Losing Ground, Gaining Wisdom
New work by Helen Mayer Harrison and Newton Harrison
and Harrison Studio Associates (Britain): David Haley, Chris Fremantle, Gabriel Harrison.
November 2007 – Spring 2008
Devon, London, Shrewsbury, Manchester, Bristol, and Lancaster.
Harrison Studio & Associates (Britain)
+44 (0)7714 203016
info [at] greenhousebritain.net
We suggest that the existing plans for greenhouse emissions control will be insufficient to keep temperature rise at 2 degrees or less. In fact, we believe that the tipping point is past. In this context, the rising ocean becomes a form determinant. By “form determinant”, we mean, the rising ocean will determine many of the new forms that culture, industry and many other elements of civilization will have to take.

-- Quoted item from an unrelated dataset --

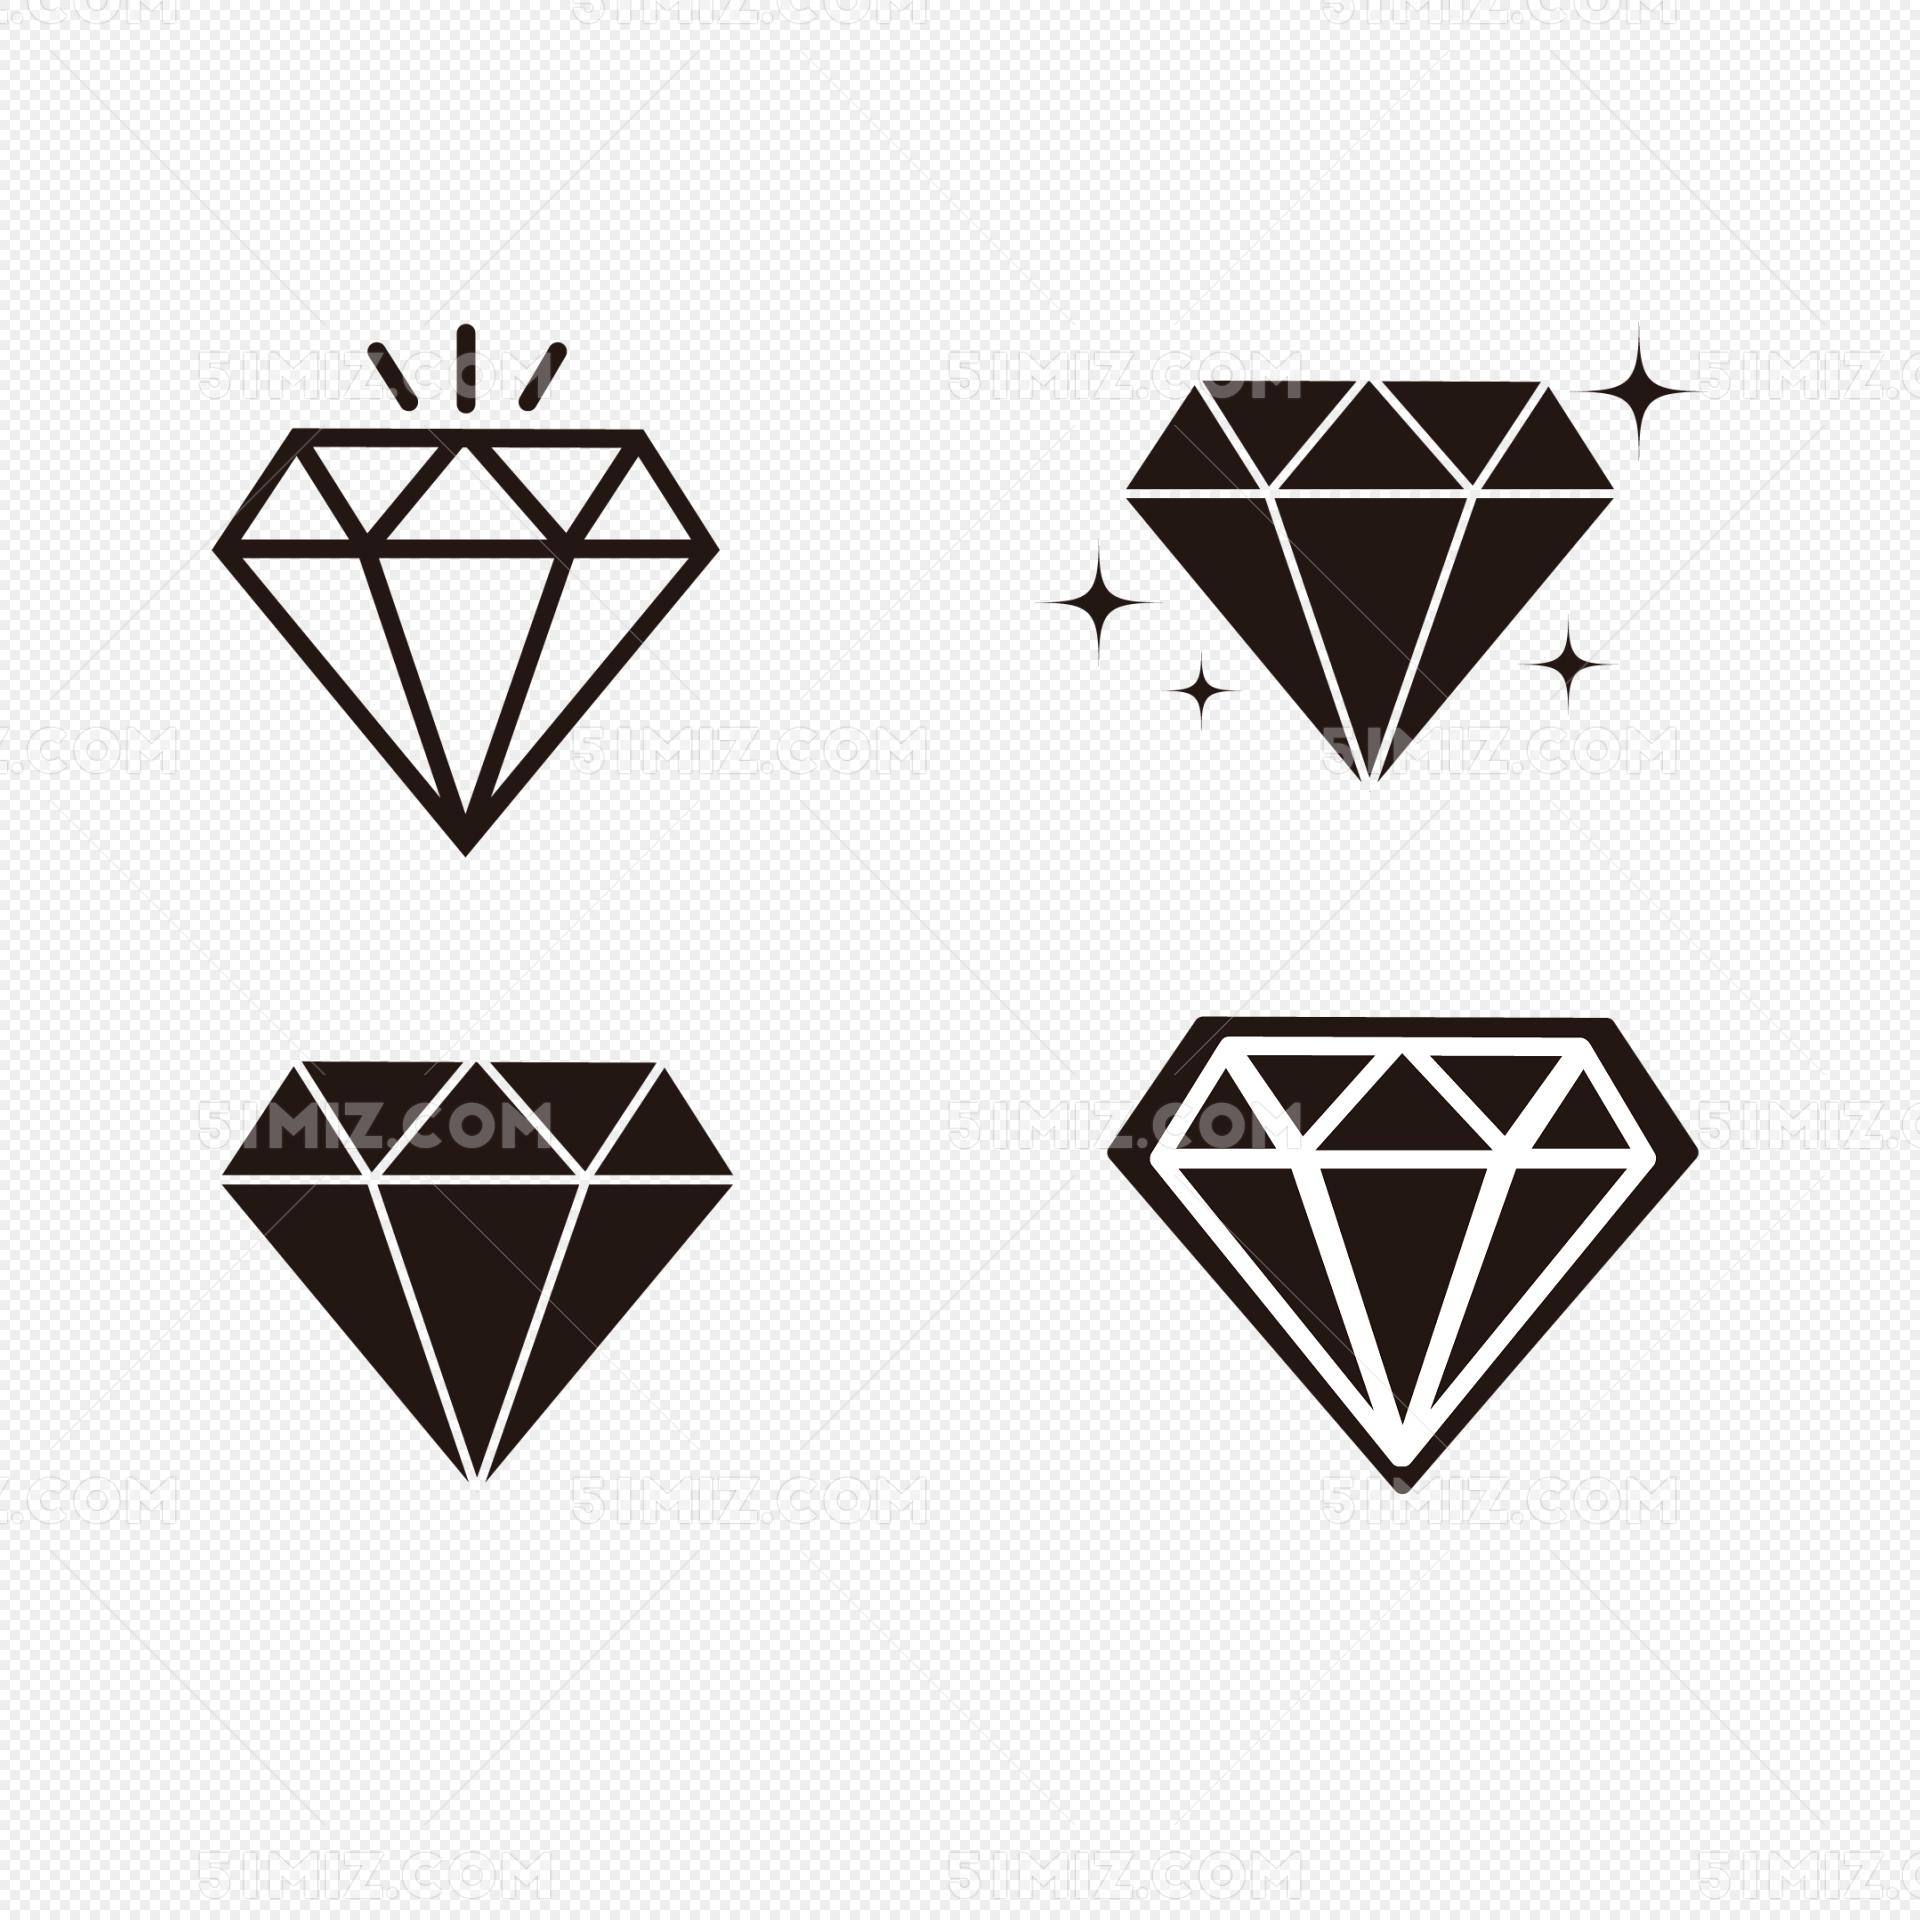 简单线条钻石矢量免费下载_png素材_觅知网

There is another piece of this picture that we wish to give voice to. That is, up until this present rising of the world oceans, the creators of Western civilization have held and enacted the belief that all limitations in the physical world, particularly in the ecological world, are there to be used and overcome. We think that the rising ocean is an opportunity for transformation, but it is exactly the reverse of a new frontier to overcome from civilization’s perspective. Now, from the ocean’s perspective, its boundary is perhaps a continuing, evolving transforming new frontier. Therefore, assuming a rapid rise of waters, even for a modest 5 meters in 100 years, there are apparently no models of precedence, no information, design, nor planning on the table, with the exception of ocean defenses and typical development models, albeit more energy efficient ones. It is the intention of this exhibition to begin generating the thinking, the design, perhaps the new belief structure, perhaps even indicating new economic structures that may be required for the democratic dispersal of support for an upward-moving population within the context of a gradually shrinking landmass.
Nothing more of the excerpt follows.